The detective nodded. “You’re lucky you still have them in your life.”
She made a mental note to call them as soon as they’d finished. She hoped it wouldn’t be much longer. Not like yesterday. It wouldn’t be. It couldn’t be.
“I am. And they were clear. If I wasn’t in school, I had to be in the restaurant. All day. Every day. On time.”

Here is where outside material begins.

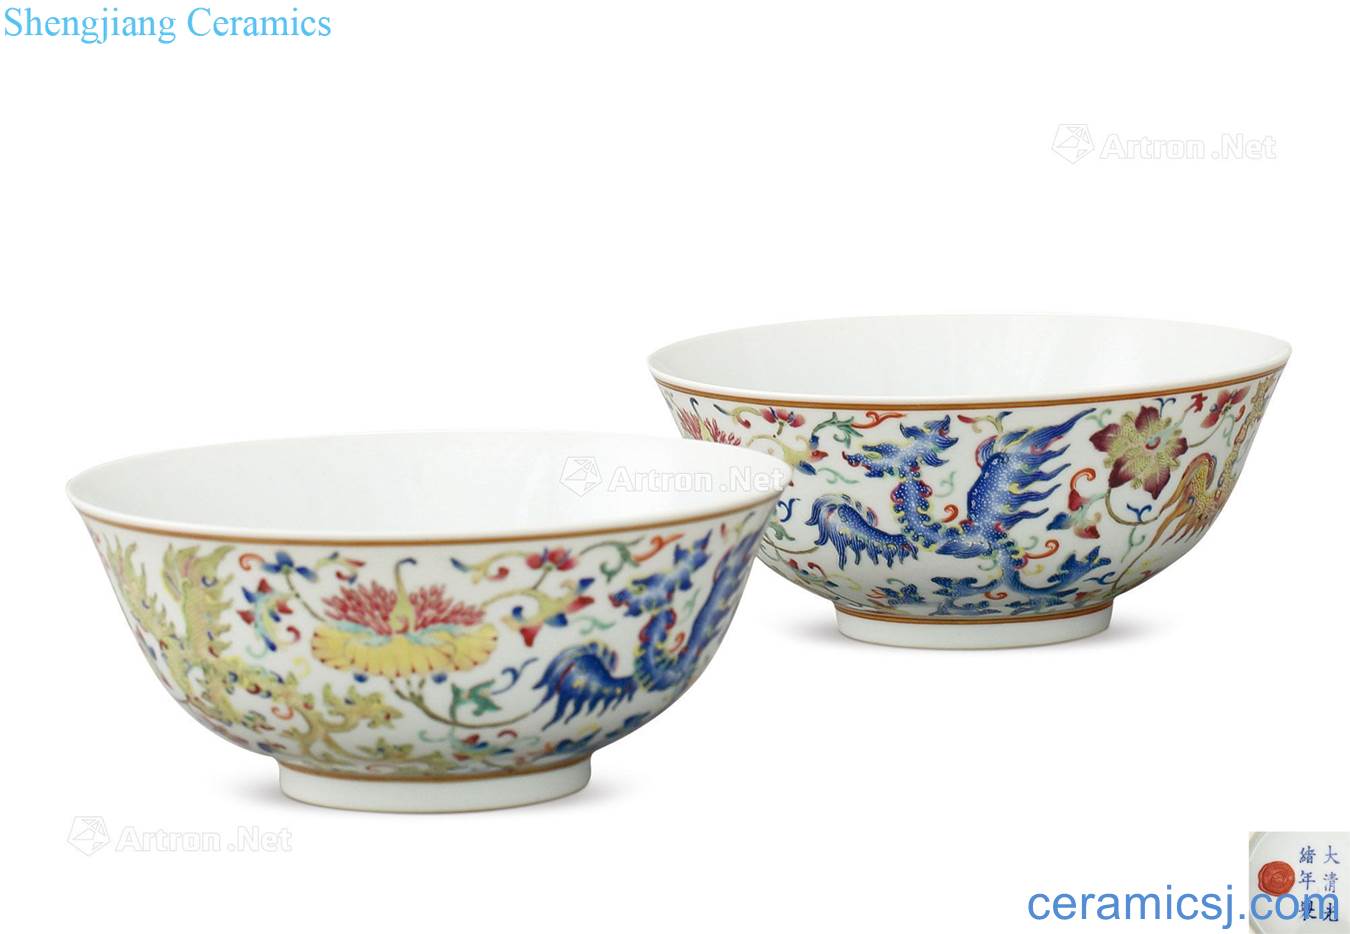 Dajing pastel phoenix grain bowl (a)

Greta worked at New Haven for the next six months of the long, cold Ontario winter. While the days were flat and never seemed to brighten, the half-year passed quickly. They were a little family because, by that time, her father had all but disappeared. He only used the apartment as a place to crash between the women and the forty-ounce bottles that had taken over his life. Although there were days Greta wished it, she knew he wouldn’t take off forever. He was never able to sell the cabin, so the nest egg he’d sunk into it was stuck there. The thing that weighed most heavily on her mind was all the times he had driven back to visit in the dead of night, navigating the dark windy country roads, with his good friend Jack Daniels open on his lap. Happy if he died in an accident, she didn’t want him killing someone else.